For any ordered pair of vertices (u, v), we look at the unique path connecting u to v in the tree. We then ask whether this exact sequence of vertices can also be traversed as a valid path in the graph. If yes, the pair is called good. Every vertex is trivially good with itself because the path from u to u has no edges.
The task is to count how many ordered pairs are good.
The constraints place N and M up to 200,000. This immediately rules out any solution that checks pairs individually or simulates paths per query. Any approach closer to O(N^2) or even O(NM) will be too slow. We should expect something close to linear or linearithmic time, likely O(N + M) or O((N + M) log N).
A subtle point is what “the path in G” means. It does not require uniqueness, only existence. So if the tree path is u → a → b → v, we only need those edges (u, a), (a, b), (b, v) to exist in G; extra edges in G do not matter as long as they do not invalidate the existence of this sequence.
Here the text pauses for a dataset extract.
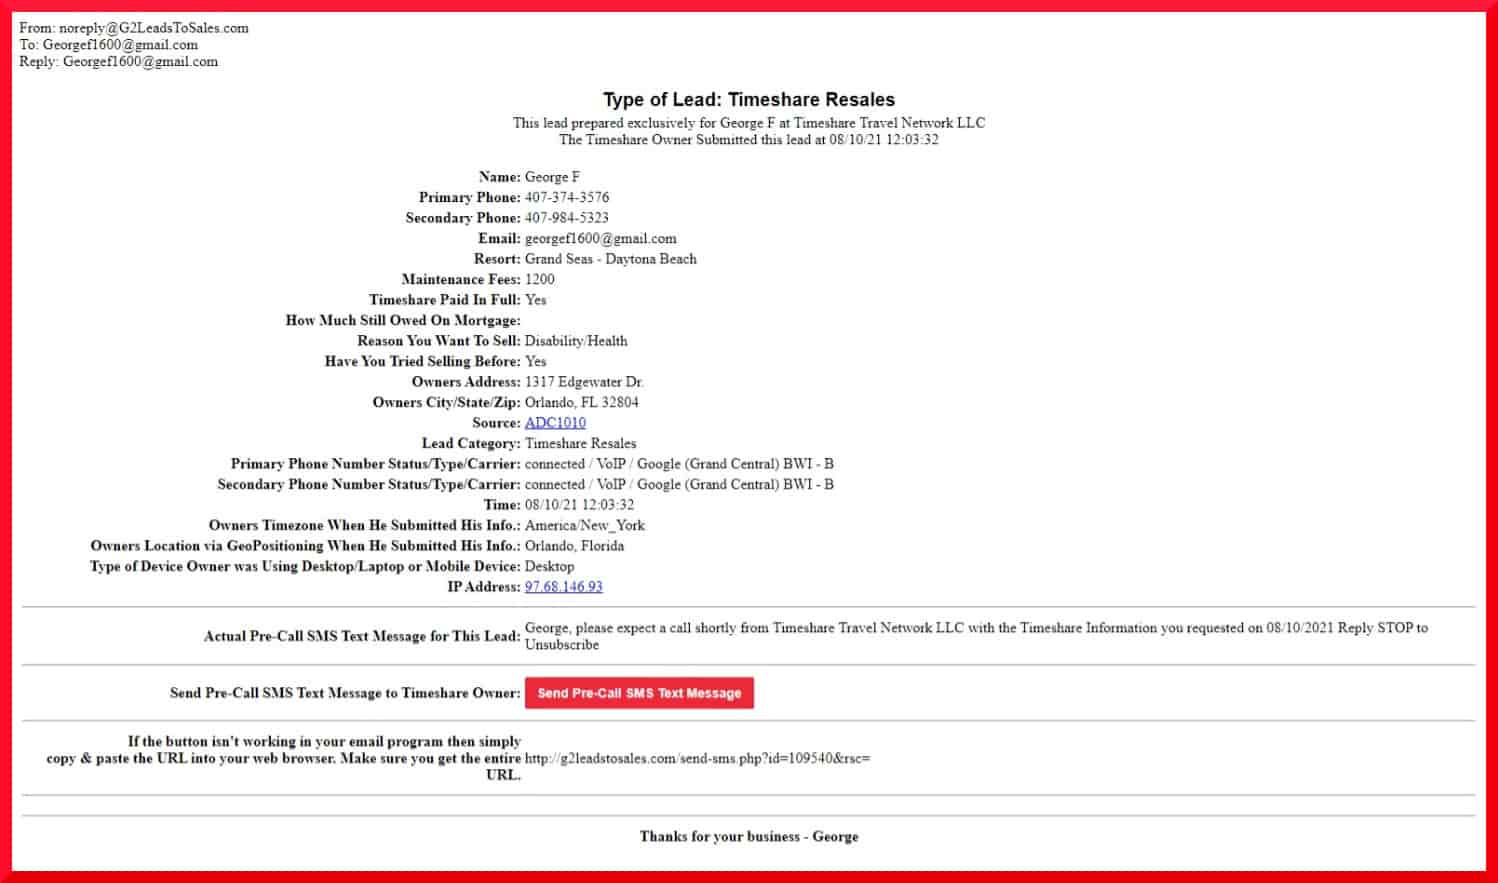 screenshot of real-time opt-in timeshare resales lead email
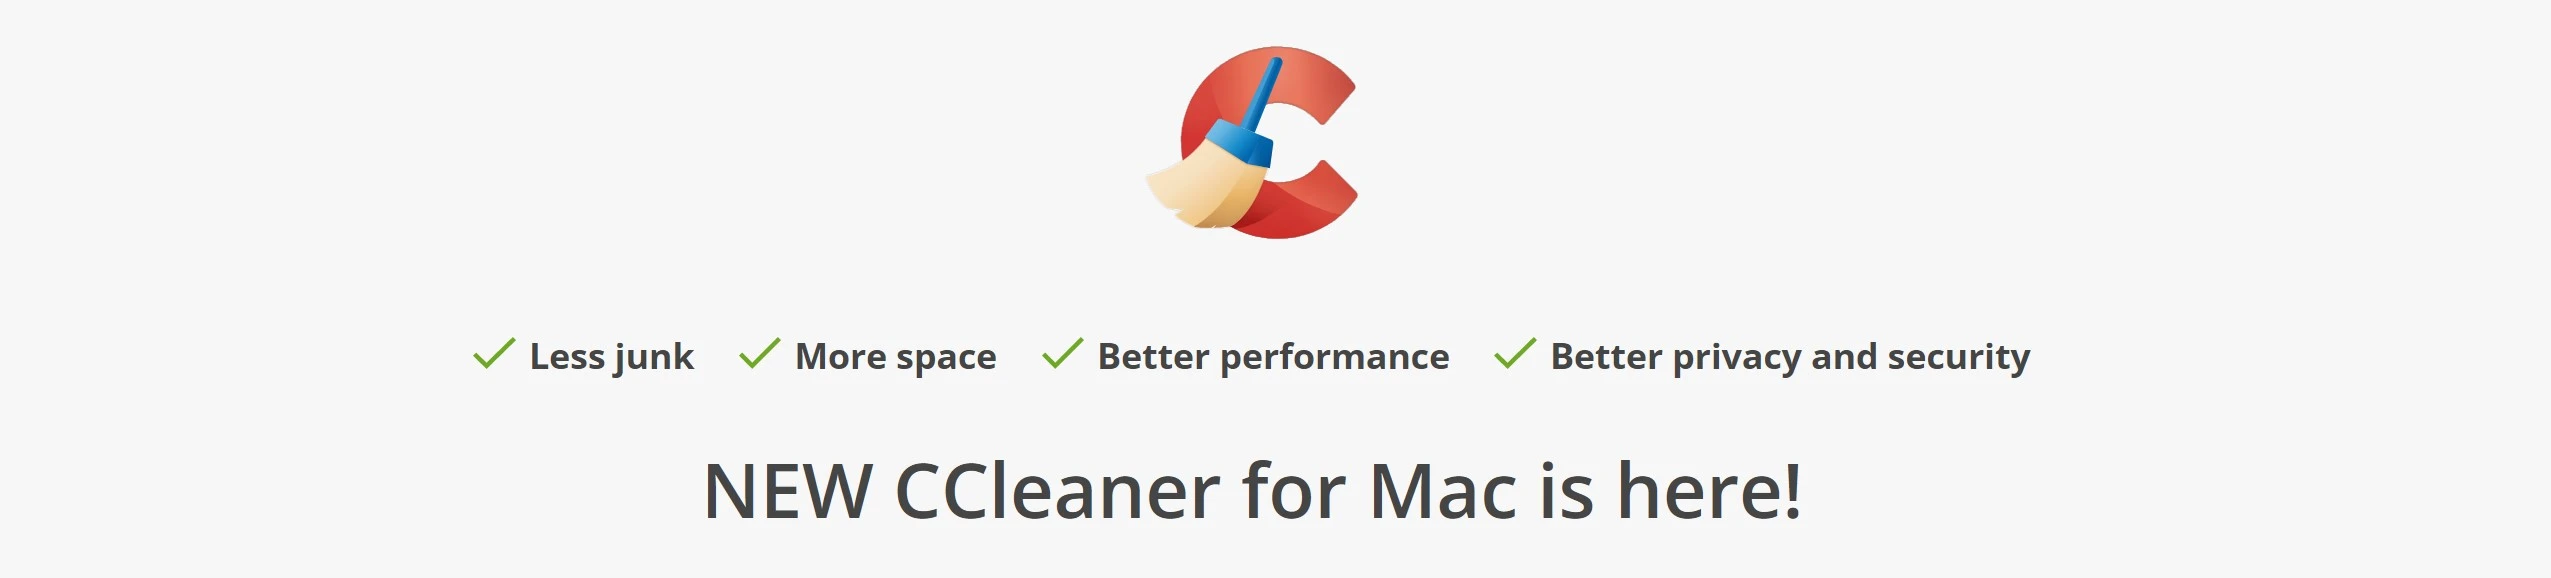 CCleaner Features For Mac

A common mistake is to think we must match shortest paths in G or ensure no alternative routes exist. That is not required.
One edge case worth clarifying is when G is identical to the tree. Then every pair is good, so the answer is N². Another extreme is when G has no overlap with tree edges; then only (u, u) pairs are valid, giving N.
Approaches
The brute-force idea starts from the definition. For each ordered pair (u, v), we compute the unique path in the tree, then check whether each edge on that path exists in G. If the path length is k, this takes O(k) per pair. Summed over all pairs, this becomes O(N^2) in the worst case since tree paths can be long for most pairs in a chain-shaped tree. Even if we accelerate edge existence checks using hashing, the number of pairs itself remains quadratic, which is far beyond the limit.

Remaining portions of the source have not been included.